Уже дома она извиняется перед сыном и обещает в отместку купить большущую елку. Он радостно бросается украшать дом, а она едет исполнять обещание.
Елку она покупает настолько огромную, что из-за неё не закрывается багажник. А у самого дома встает иной вопрос, и она в сердцах клянет все елки мира, соображая, как ей дотащить такую махину на их этаж.
– Помочь? – спрашивают за спиной, и она еле сдерживает раздражение:
– Сама дотащу.
– Узнаю Свонн, – хмыкает он и Эмма оборачивается, чтобы высказать всё, что думает насчет последнего замечания.
Но он ловко вытаскивает елку из машины и уже несет в дом. Она открывает ему дверь подъезда, но в саму квартиру не пускает.
– Ставь на пороге, – это звучит, как приказ, но он подчиняется.
– Если леди настаивает, – отвешивает полупоклон, и в этом движении нет ничего наигранного, шутовского или топорного. Только привычные, будто с детства привитые движения.
– Спасибо, – она, наконец, заставляет себя это сказать.
Он улыбается и пожимает плечами. А потом уходит, не дожидаясь, пока она хлопнет дверью.
А елка и впрямь оказывает жутко тяжелой. Но Генри радуется, и за одно это можно пожертвовать несколькими мышцами.
Эмма и сама не понимает, в какой момент раздражение сменяется спокойствием. А утренние визиты уже не вызывают глухой ярости. Они по-прежнему не разговаривают, она по-прежнему хлопает перед ним дверью, а он по-прежнему приходит и уходит, и уже даже ничего не говорит. Только на краткий миг задерживает взгляд на её лице, улыбается и ждет следующего утра.

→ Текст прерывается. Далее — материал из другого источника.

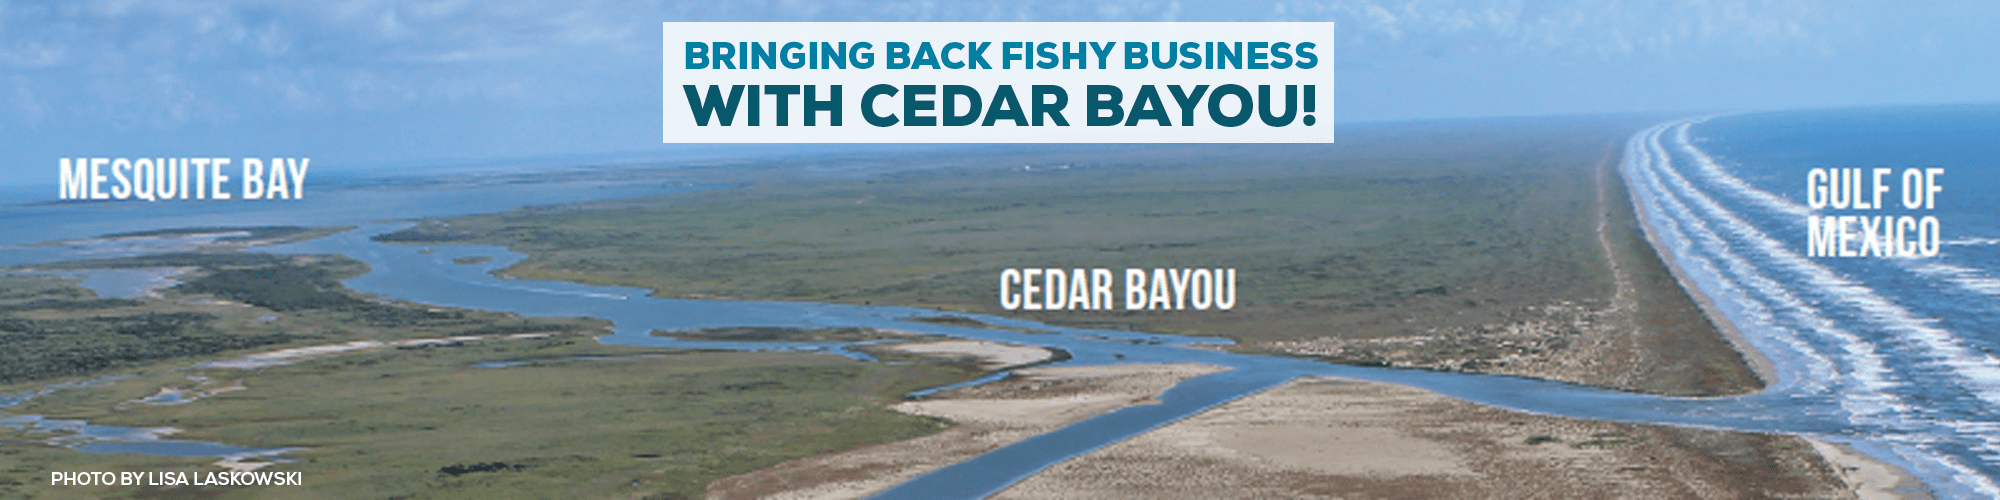 Bringing Back Fishy Business With Cedar Bayou!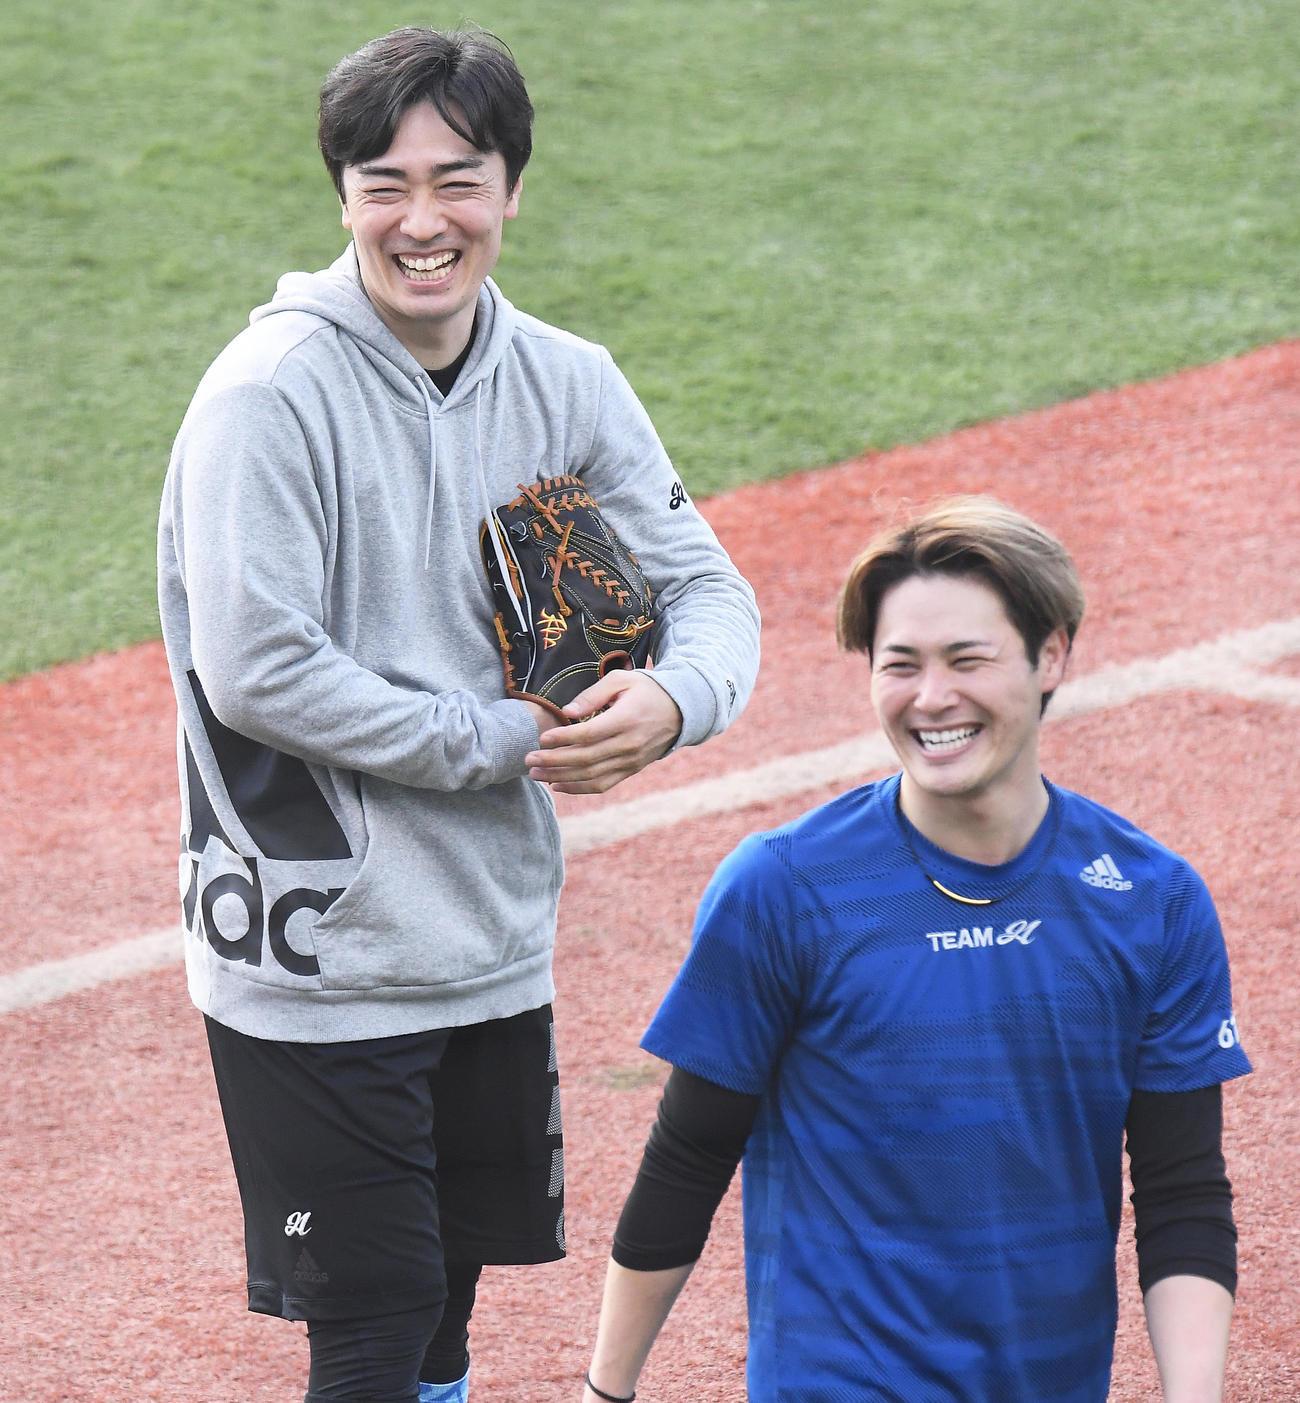 マウンドからの投球練習を終えて笑顔の笠谷(右)と和田(代表撮影)

Среди соседей он становится местной достопримечательностью, но с ним никто не общается. На него смотрят, как на диковинку, о нем шепчутся («О, глядите, опять этот чудик!»), на него украдкой тыкают пальцем, но никто не отправляет его в полицию и не спрашивает, что он тут, такой весь из себя средневековый, делает.
«Вы что, не видите, что парень – псих?» – вертится у Эммы на языке.
«Ты что, не видишь, что у него такие же глаза, как у тебя?» – шепчет ей внутренний голос.
– Они у нас разного цвета, – бурчит она самой себе.
Она знает, что дело не в цвете.
В Рождественскую ночь они с Генри гуляют по городу, лепят снеговика вместе с другими семьями на площади перед громадной елкой, а потом кидаются друг в друга снежками, и под утро бегут домой, раскрасневшиеся на морозе и счастливые. Генри уминает на кухне пятое по счету мороженное, и ложится спать, а Эмма пьет вино, чтобы согреться и смотрит на мерцающую разноцветными огоньками елку в гостиной.
Ей кажется, что чего-то не хватает, но сил на раздумья уже нет и она отключается, едва коснувшись головой подушки.
На следующее утро у Генри болит горло и поднимается температура. Она ругает саму себя за мороженое и снежки за шиворот, и идет в аптеку. Температура спадает только под вечер, сын засыпает, а ей не сидится на месте. Она выходит на улицу, подставляет лицо падающим с неба снежинкам и прикрывает глаза, заставляя себя дышать ровно.
Она стоит так пару минут, а потом садится на скамейку. Та уже занята, но Эмма не обращает на него никакого внимания. Смотрит на свои руки, сложенные на коленях и всё ещё пытается выровнять дыхание.
– У тебя руки дрожат, – говорит он внезапно. – Замерзла?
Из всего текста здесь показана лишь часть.